Give again, word for word, every line below from the one that has "Duvaucel's gecko <a" through the one that has "Slik installerer du", both included, and no others.
[[ Records shown, beginning ]]
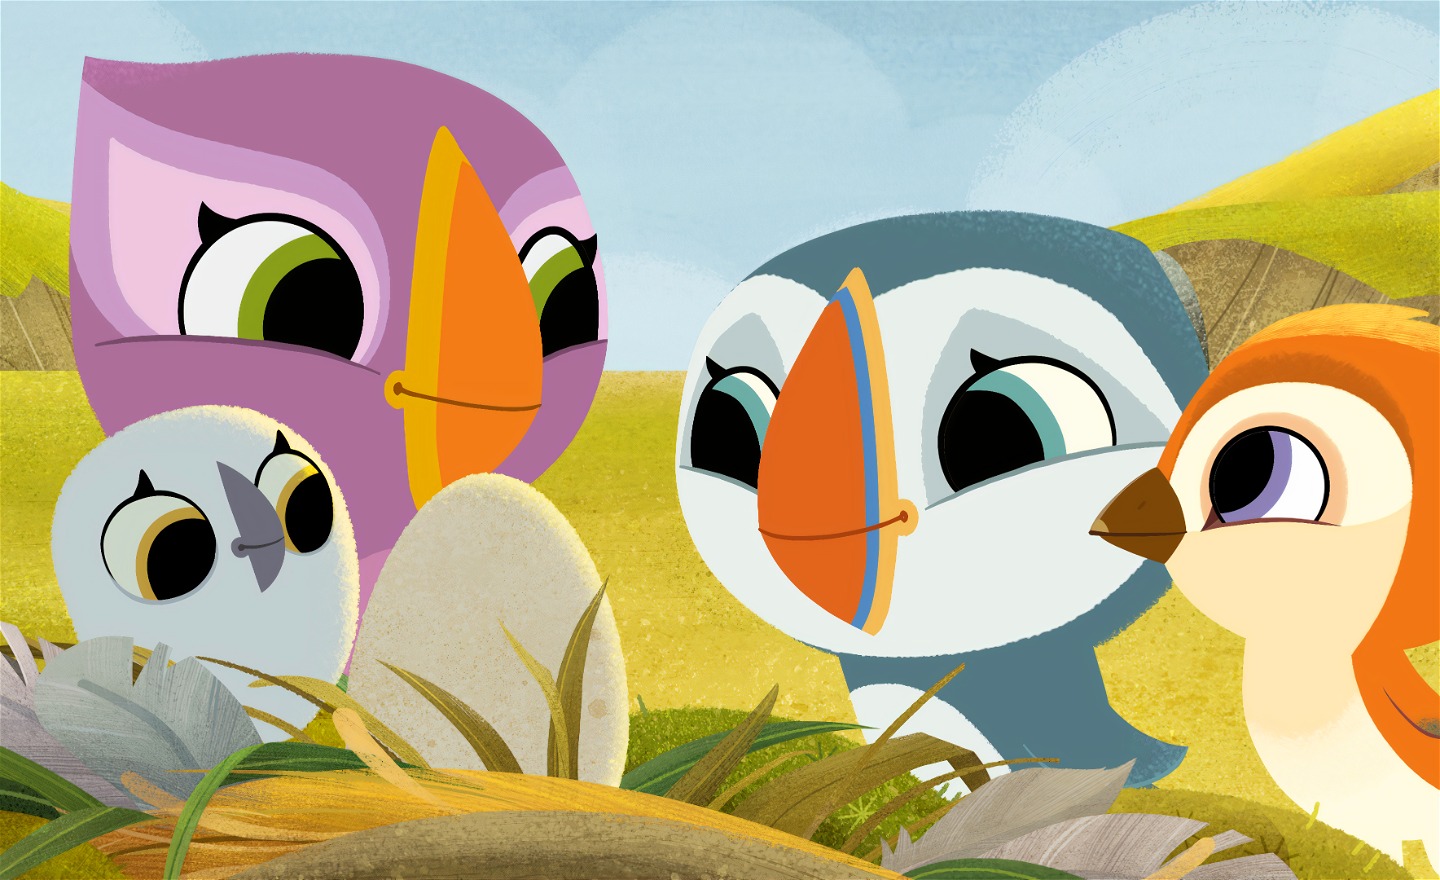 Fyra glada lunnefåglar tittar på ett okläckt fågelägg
[[ Records shown, end ]]
[[ Records shown, beginning ]]
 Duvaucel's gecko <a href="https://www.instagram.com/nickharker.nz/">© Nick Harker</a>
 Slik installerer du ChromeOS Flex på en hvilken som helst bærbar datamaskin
[[ Records shown, end ]]
◆ Answer to the problem ◆
 Duvaucel's gecko <a href="https://www.instagram.com/nickharker.nz/">© Nick Harker</a>
 Slik installerer du ChromeOS Flex på en hvilken som helst bærbar datamaskin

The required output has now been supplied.